Usually used to assign permissions to resources in the same domain.
Example:
DL-Folder-Sales-Modify
Usually used to group users based on role, department, or job function.
Example:
GG-Sales-Users
Used in larger environments with multiple domains.
Example:
UG-All-Company-VPN
A clear naming convention helps support teams understand what a group does.
Example format:
Resource-Department-Permission
Examples:
SharedDrive-Sales-Read
SharedDrive-Sales-Modify
VPN-RemoteUsers
Printer-Accounting
- Open Active Directory Users and Computers.
- Search for the group name.
- Confirm the group description.
- Review the group's purpose before adding users.
Avoid adding users to a group if the purpose is unclear.
- Open the user account in Active Directory.
- Go to the Member Of tab.
- Click Add.
- Enter the group name.
- Click Check Names.
- Click OK.
- Apply the changes.
To verify group membership:
- Open the user account.
- Select Member Of.
- Confirm the required group appears.
- Ask the user to sign out and sign back in, if needed.
- Test access to the resource.
You can also use Command Prompt:
whoami /groupsThis shows the groups applied to the current signed-in user session.
- Open the user account.
- Go to Member Of.
- Select the group.
- Click Remove.
- Confirm the change.
- Document the removal.
Removing group access is important when:
- A user changes departments
- A user no longer needs access
- A user leaves the company
- Access was added temporarily
| Issue | Possible Cause | Resolution |
|---|---|---|
| User cannot access shared folder | Missing group membership | Add user to correct group |
| User was added but access still fails | User has not signed out/in | Ask user to sign out and sign back in |
| User has too much access | User belongs to extra group | Review and remove unnecessary groups |
| Group name is unclear | Poor naming convention | Check group description or ask senior admin |
| Access works for others but not one user | Incorrect user account or permissions | Compare group membership with working user |
- Use groups instead of assigning permissions directly to users.
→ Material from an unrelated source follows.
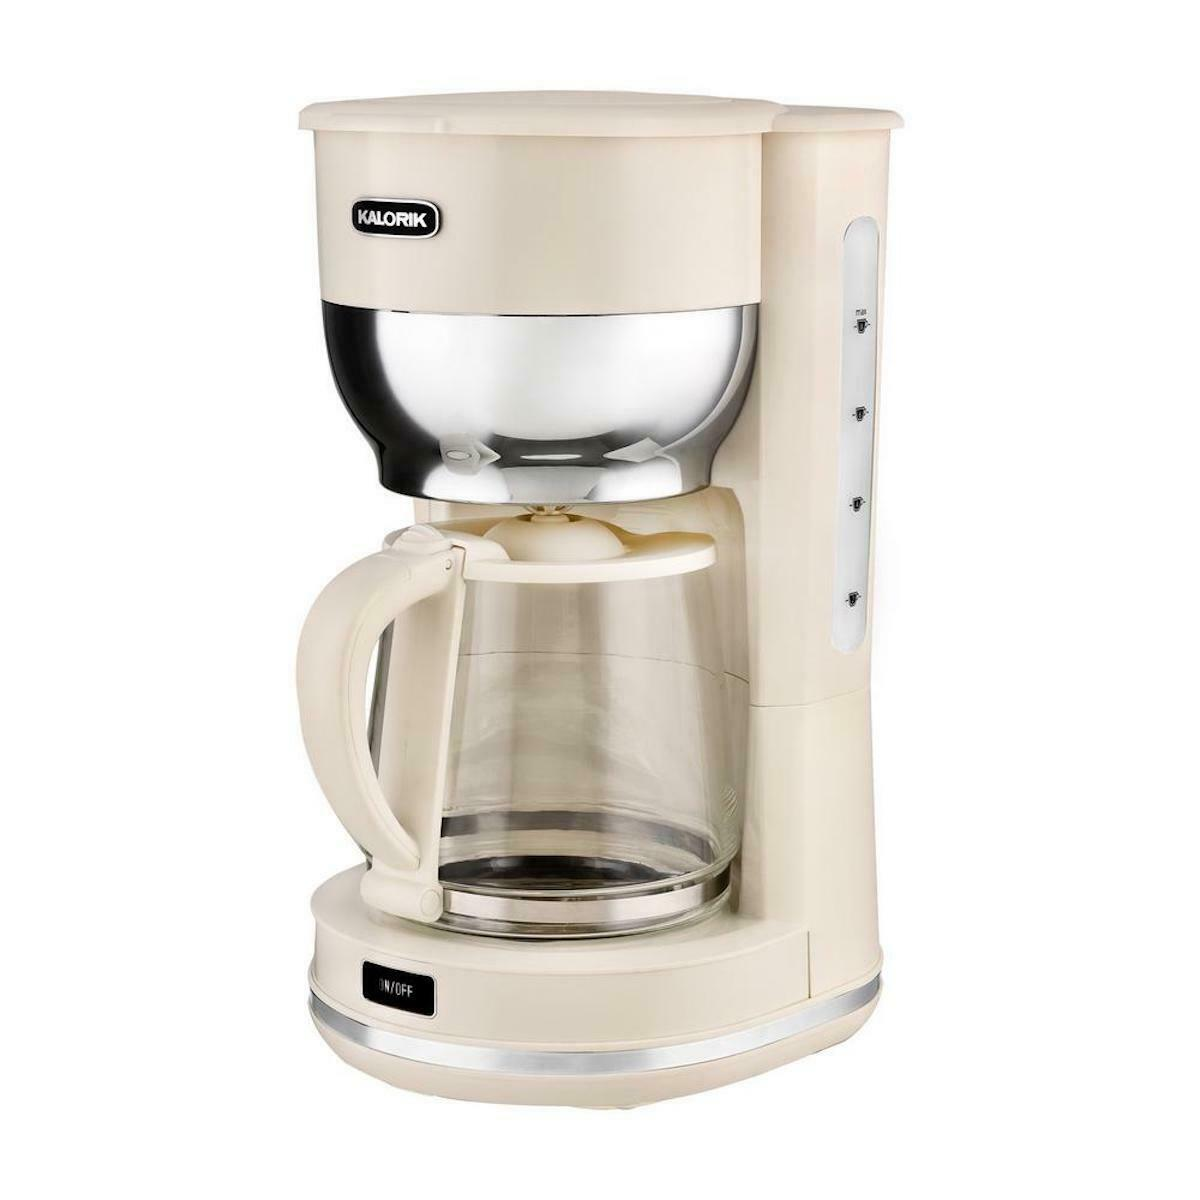 KALORIK 10 CUP RETRO COFFEE MAKER CERTIFIED REFURBISHED
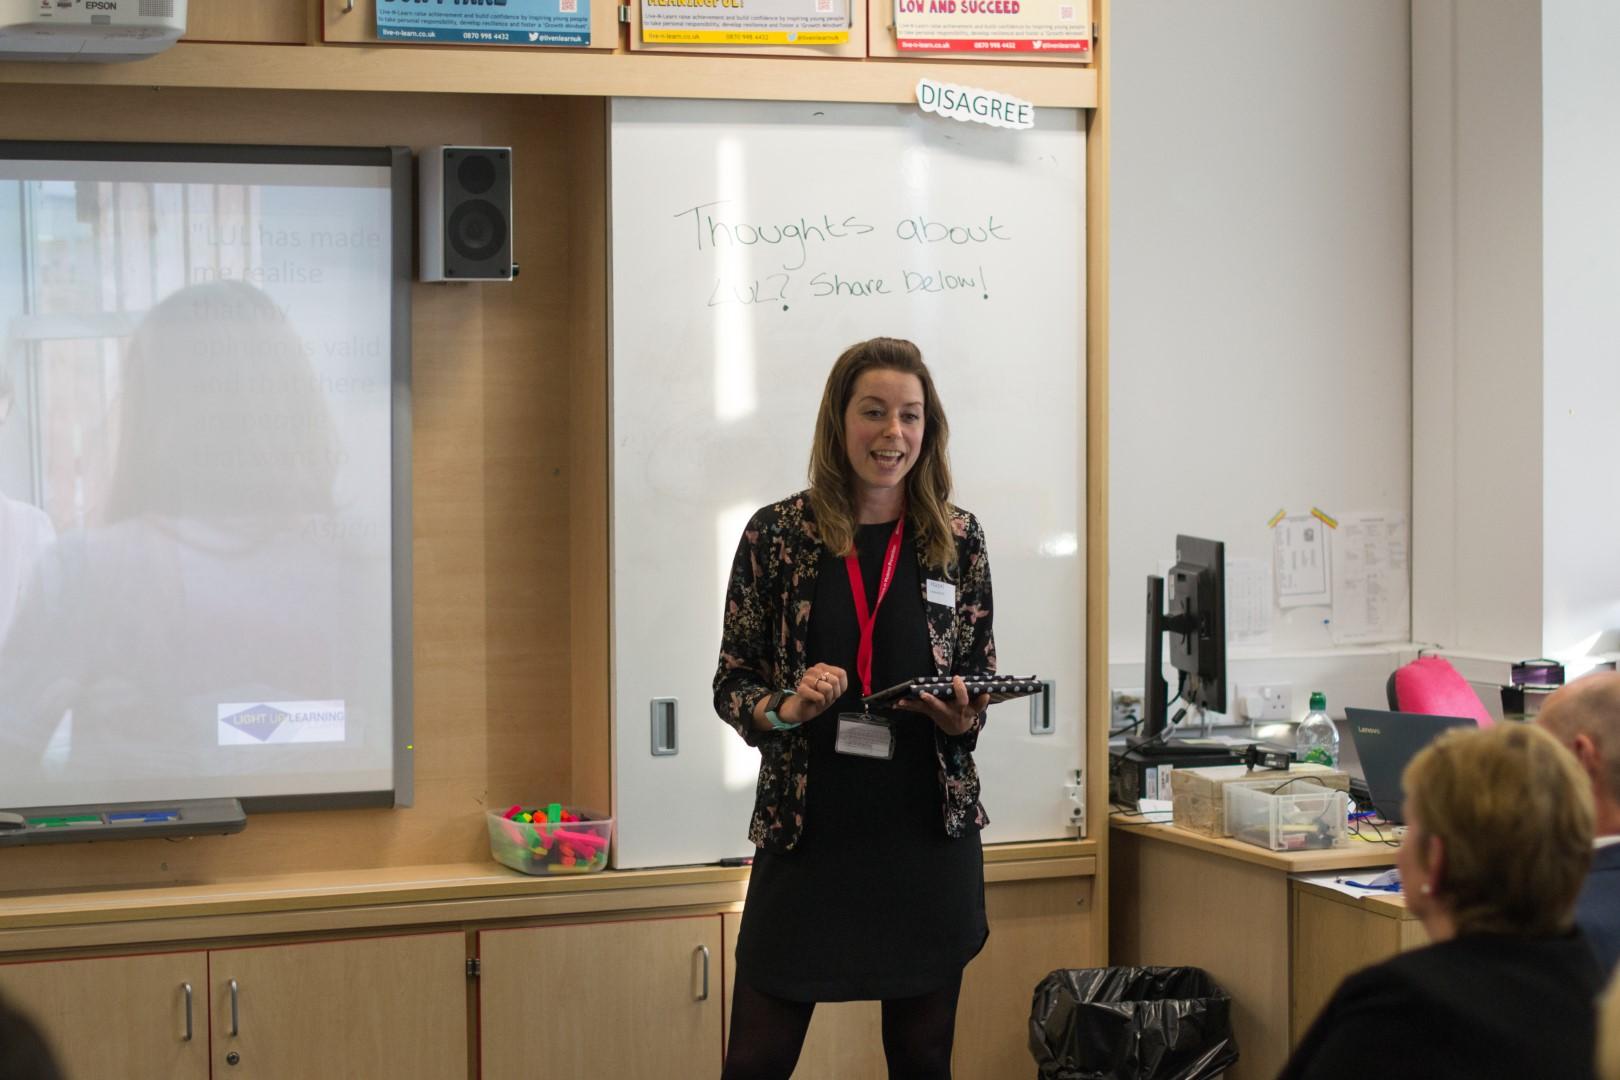 Hazel Moar, our incredible Lasswade liaison, speaks to the school's experience of the LUL programme

- Follow the least privilege principle.
- Add descriptions to groups.
- Use clear naming conventions.
- Review group membership regularly.
- Remove access when it is no longer needed.
- Document group changes in tickets.
- Escalate unclear access requests.
Reviewed access request for Jordan Smith.
Added user jsmith to SharedDrive-Sales-Modify and VPN-Users security groups.
Confirmed user signed out and signed back in.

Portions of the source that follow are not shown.